Organic fertilizers are believed to be slower acting than the chemical fertilizers. This is true to a degree. Being a lower NPK analysis and slower acting, organic fertilizers can be used in higher volume around plants without danger of burning. However, there are some organic fertilizers that are fast acting, such as bat guano or fish meal, that can show results as quickly as the chemical fertilizers do. They are still slower to burn the plants than the chemicals and last much longer in the soil. 

Unless chemical fertilizers are impregnated or coated with a microbe inhibitor and some substance to keep them from quickly dissolving, they must be used very cautiously. Especially in sandy soils, they can burn the roots of the plants and quickly leach beyond the reach of the roots. They generally end up polluting a water supply because they are too quickly dissolved and moved out of the soil. In heavy clay soils or any soil with a high organic and humus content, this is less of a problem. 

Chemical fertilizers that are blended to perfectly fit a given soil and then used in the correct season and correct amounts can do nothing more than grow a plant. They do not build or sustain a healthy soil.

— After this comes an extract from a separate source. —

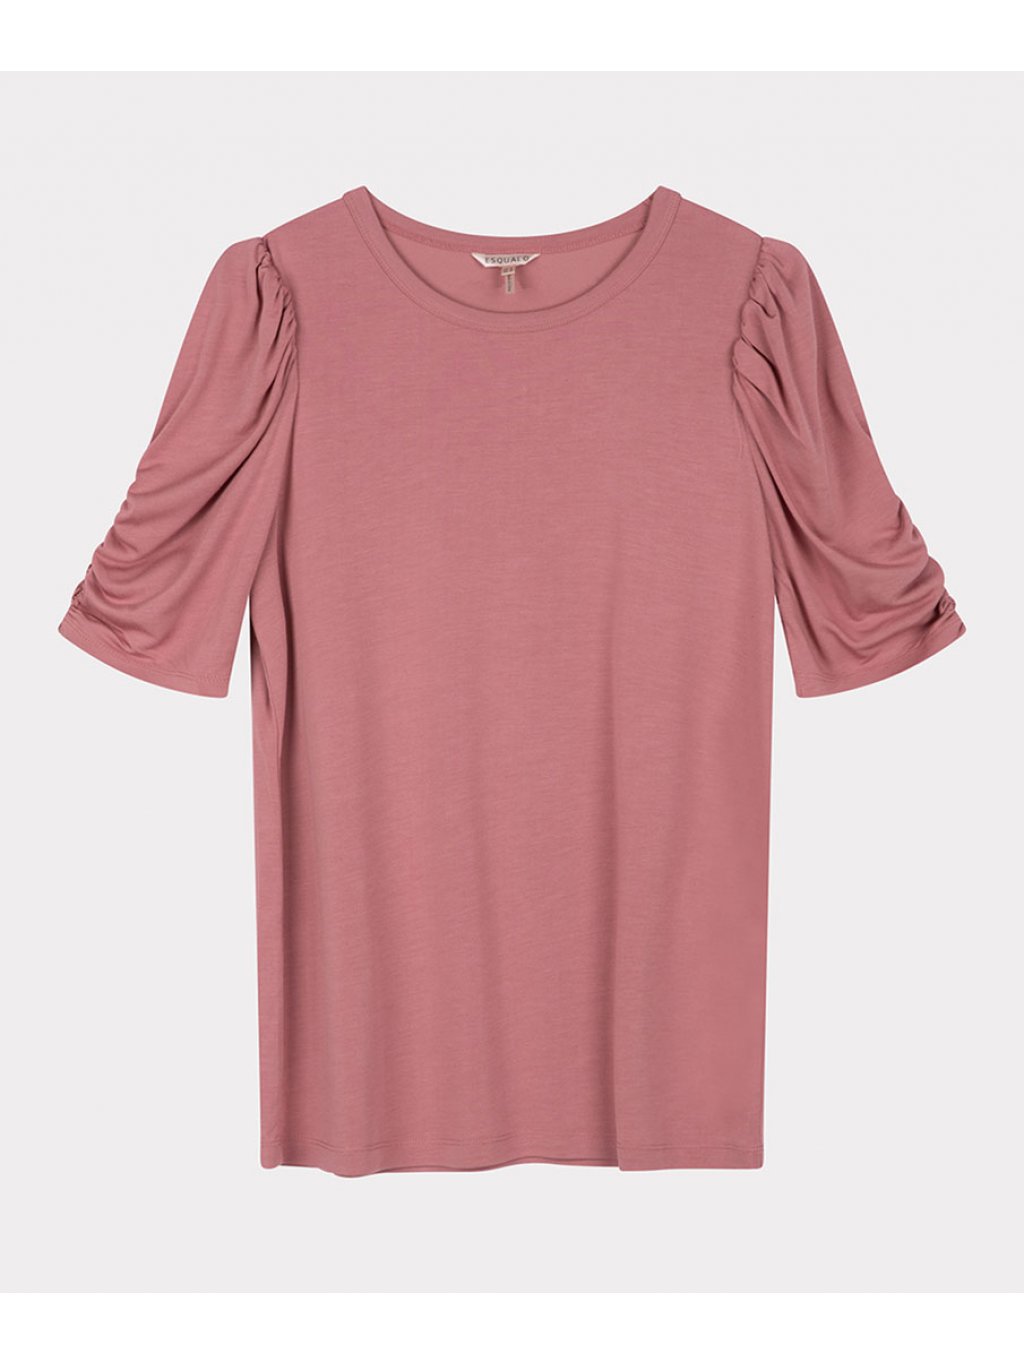 Tričko Esqualo 30510 růžové s řaseným rukávem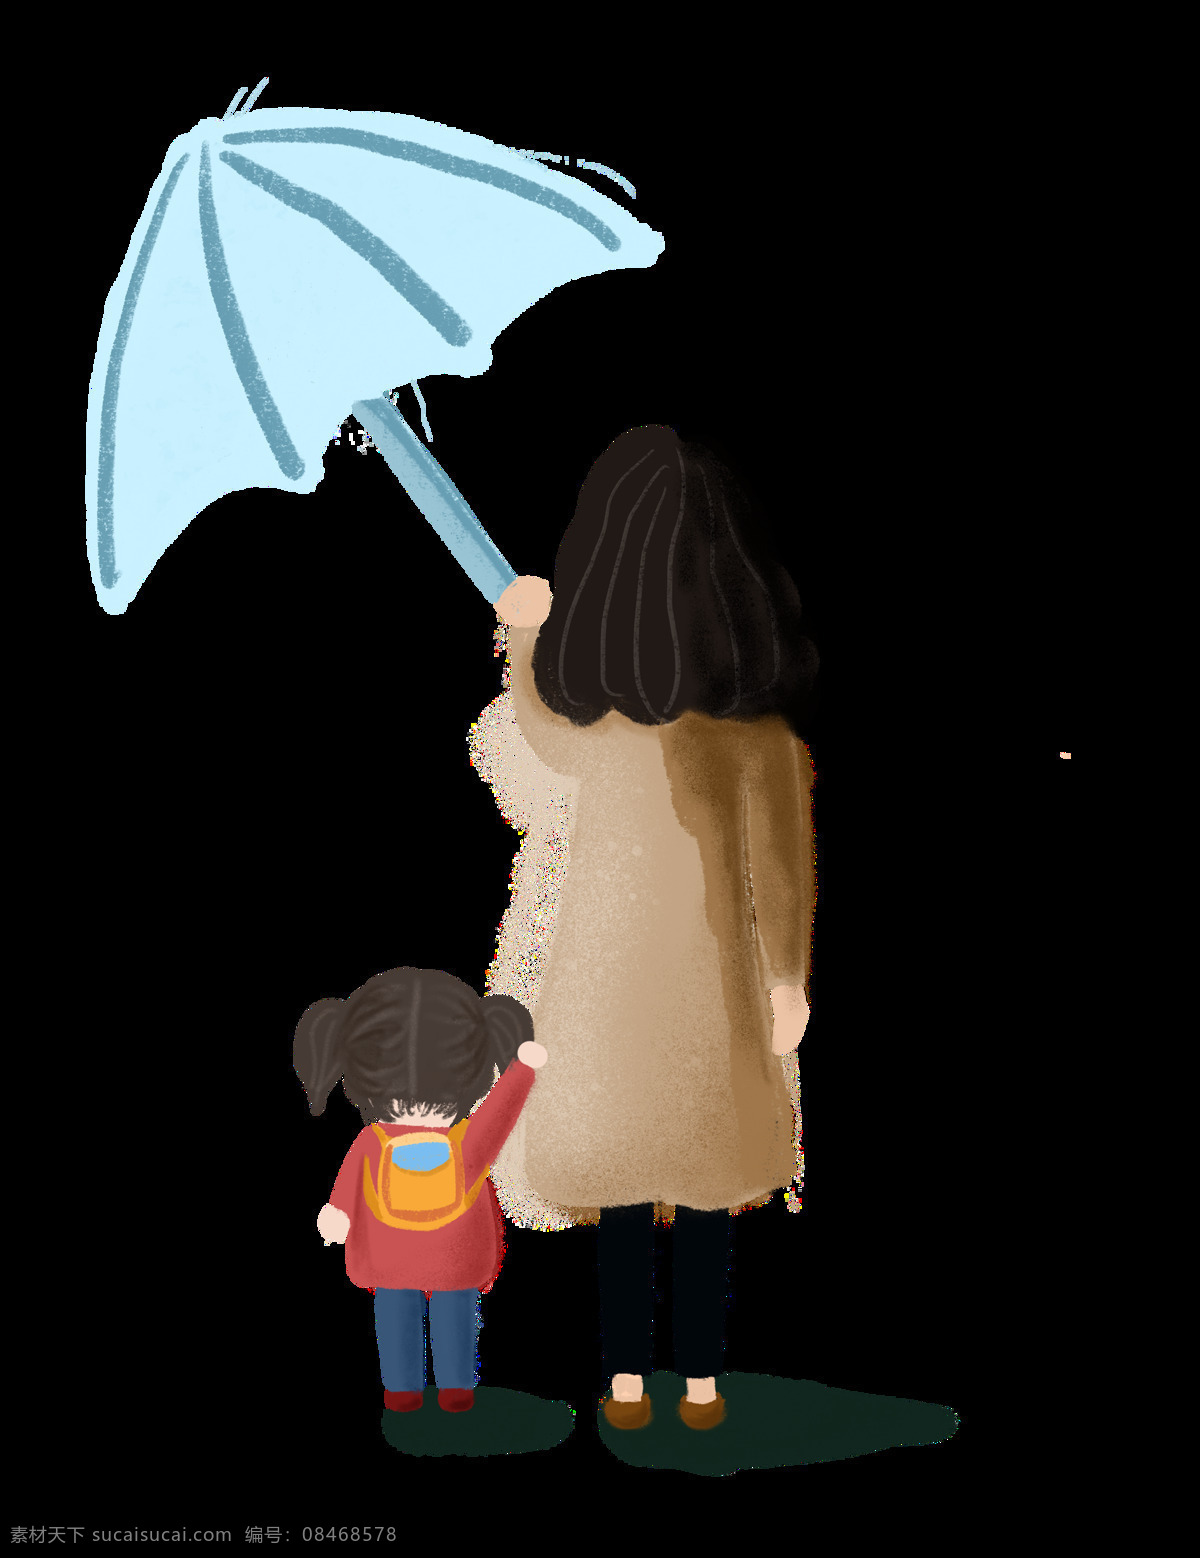 母亲节 雨 中 妈妈 孩子 免 扣 图 雨伞 手绘 插画 母婴 育儿 教育 幼儿园 学校 家庭 亲情 温暖 感恩

Organic fertilizers contain the energy and the many other things that continually build soil fertility, crumb structure, increased water holding capacity, food for all the beneficial soil life, condition the soil and contribute to the hundreds of other yet-unknown things that cause a plant to grow healthy and perfect. 

Only healthy and perfectly grown plants can feed and support healthy and perfect animal and human life.*


----------